Loux credited Gov. Kenny Guinn for helping get the federal money. "The governor went to bat for us, and certainly Senator Reid, but the governor initiated the process," he said.

In addition to the oversight money, the budget gives $5 million to UNLV for studying a method of transforming highly radioactive waste into smaller, less harmful amounts.

The $5 million is part of a $60 million national research program into the process called transmutation, which takes nuclear waste and greatly reduces its harmful radiation in an accelerator.

Another $5 million from the DOE's budget will fund electronic records management at UNLV.
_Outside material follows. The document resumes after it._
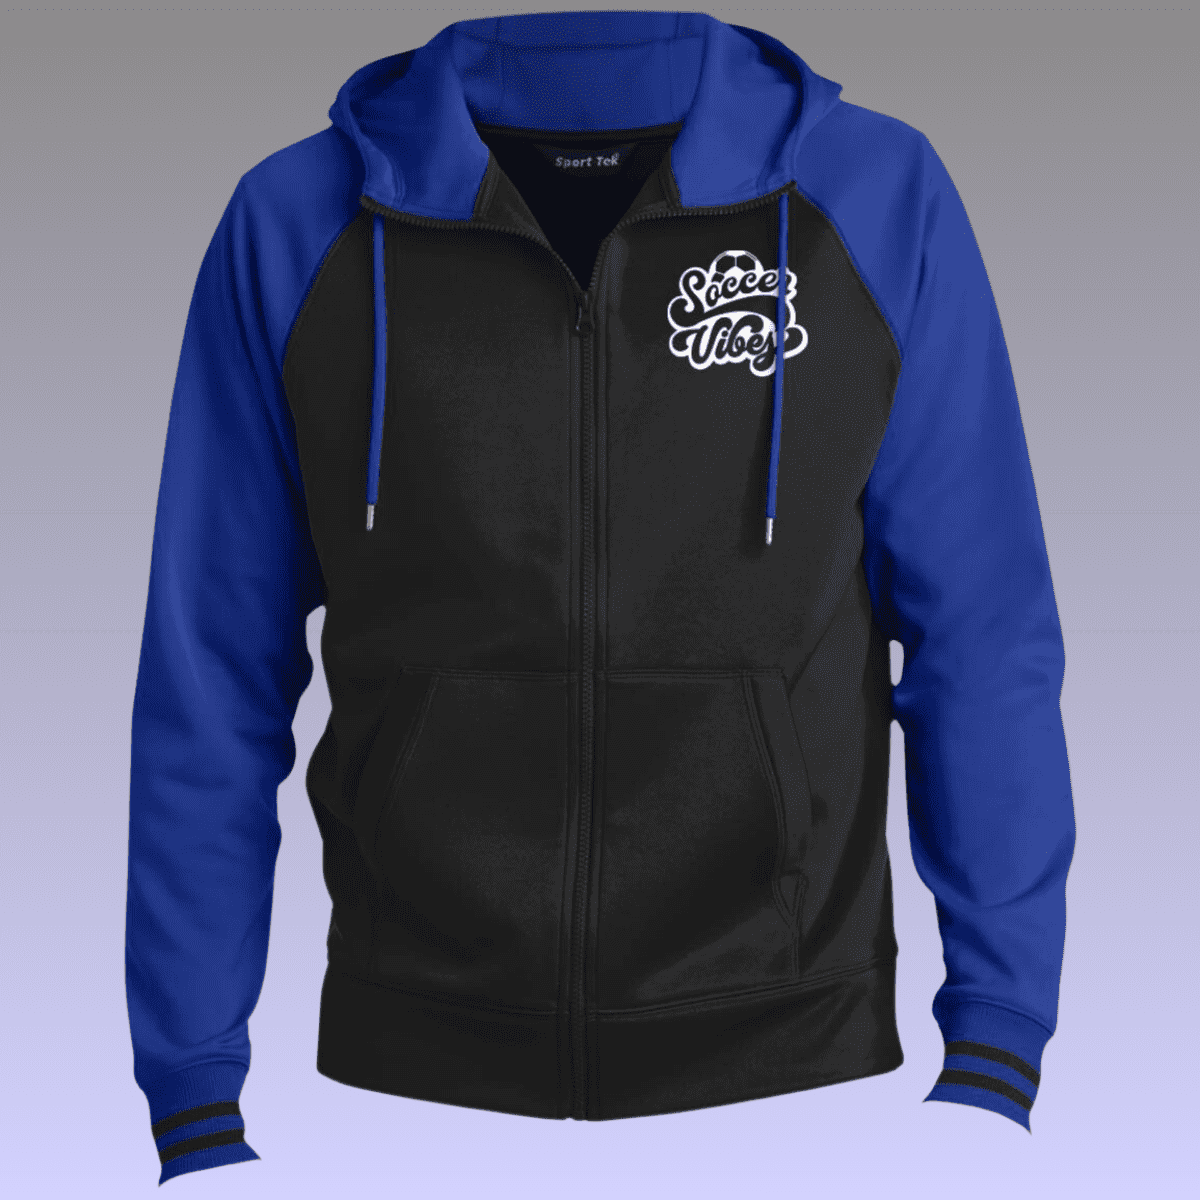 Men's Royal and Black Soccer Vibes Sport-Wick® Full-Zip Hooded Jacket

The DOE budget also gives $1 million to Nevada's Cancer Registry, Vital Statistics and Birth Defects Registry for tracking the numbers of cancers.

Reid said the money is needed, because above-ground nuclear weapons experiments were conducted at the Nevada Test Site, 65 miles northwest of Las Vegas, from 1951 to 1963

"In a state with so many residents potentially exposed to radioactive substances during the last 50 years, it is important to get this program running more efficiently," Reid said.

While Reid brought the bulk of attention to the Yucca Mountain money, the majority of money coming to the state in the water and energy budget will go toward flood control.

The Army Corps of Engineers will receive $21.6 million to build flood protection along the Flamingo and Tropicana washes, the sites of major flooding in the valley during a July 8, 1999, storm. The costs will be shared with the Clark County Regional Flood Control District.

The Bureau of Reclamation will continue restoring the Las Vegas Wash and study Lake Mead for water quality problems with $1.5 million.